Les « traitements » proposés pour « guérir » l’aliénation sont violents et dangereux. Il s’agit d’éloigner l’enfant de sa figure parentale principale, de le forcer à vivre avec son père même s’il en a peur, voire de l’envoyer dans un « camp de réunification ». Ces mesures draconiennes risquent de traumatiser l’enfant.

Que peut-on faire pour protéger les enfants ?

Les leçons du mouvement #metoo doivent s’étendre aux enfants et à la violence conjugale. Les femmes et les enfants qui rapportent la violence du père doivent être protégées, mais comment ?

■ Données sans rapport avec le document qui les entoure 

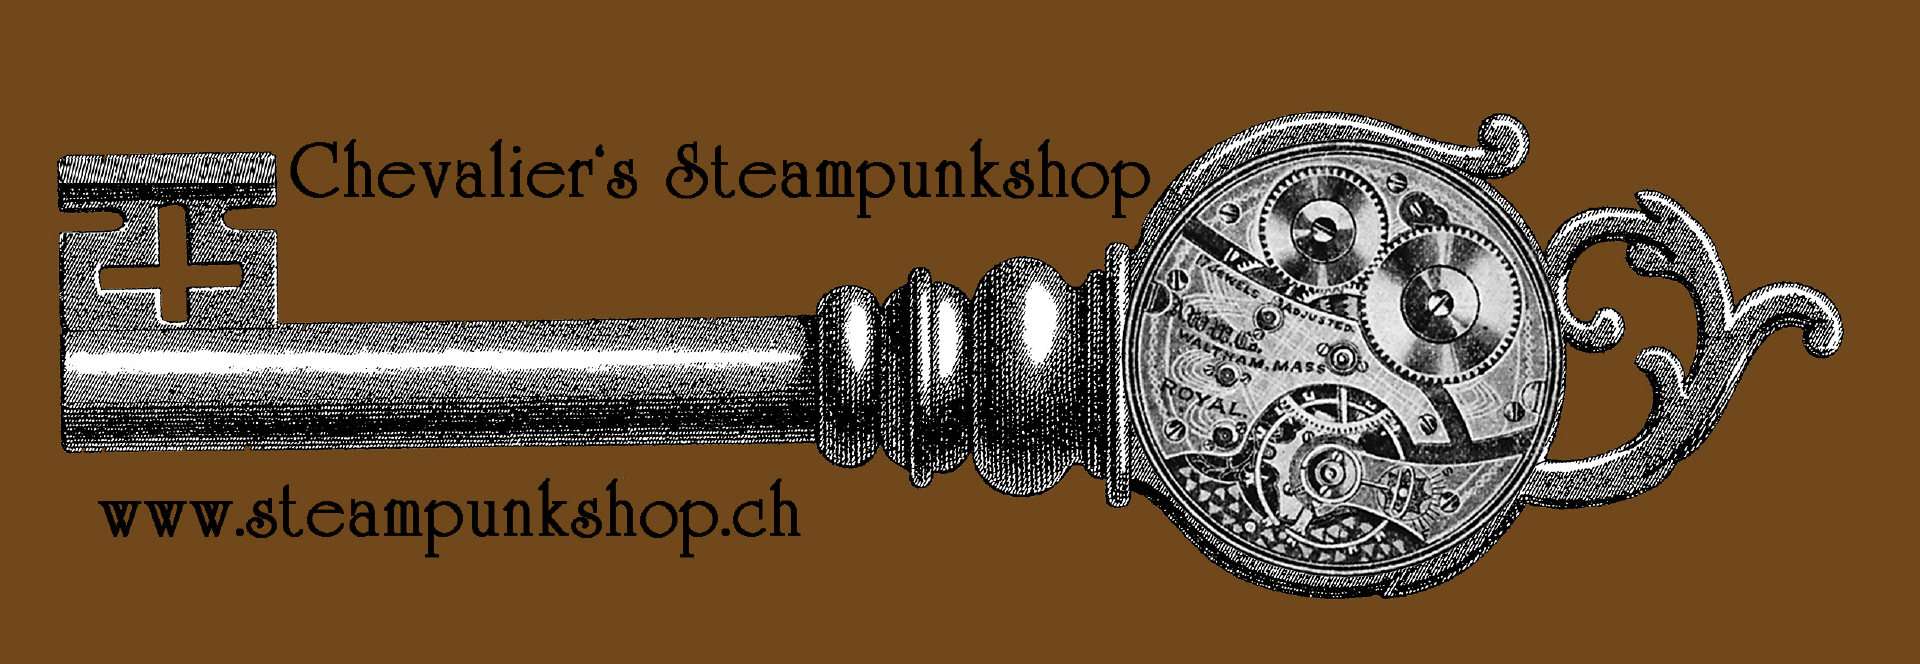 http://www.steampunkshop.ch

D’abord, informons-nous pour ne pas céder aux désinformations masculinistes. Ensuite, exigeons que les milieux juridiques et de protection de l’enfance soient formés à reconnaître les violences et à les prendre au sérieux. Finalement, corrigeons ce droit qui ne nous rend pas justice.

Notre droit de la famille promeut le « contact maximal » de l’enfant avec ses deux parents.

Cette directive est souvent menée à l’extrême par les tribunaux qui négligent l’intérêt et la sécurité de l’enfant pour « protéger » une relation malsaine, dangereuse et destructrice avec son père violent. 

Dans un contexte où une réforme du droit de la famille est en cours, notre gouvernement osera-t-il prendre la sécurité des enfants au sérieux ? interviendra-t-il pour les protéger malgré la force, au Québec, du lobby des droits des pères ?

Combien encore d’enfants maltraités avant qu’on y fasse quelque chose ?

Agissons dès aujourd’hui pour dénoncer la pseudoscience de l’aliénation parentale et l’affirmer une fois pour toutes : un homme violent n’est pas un bon père.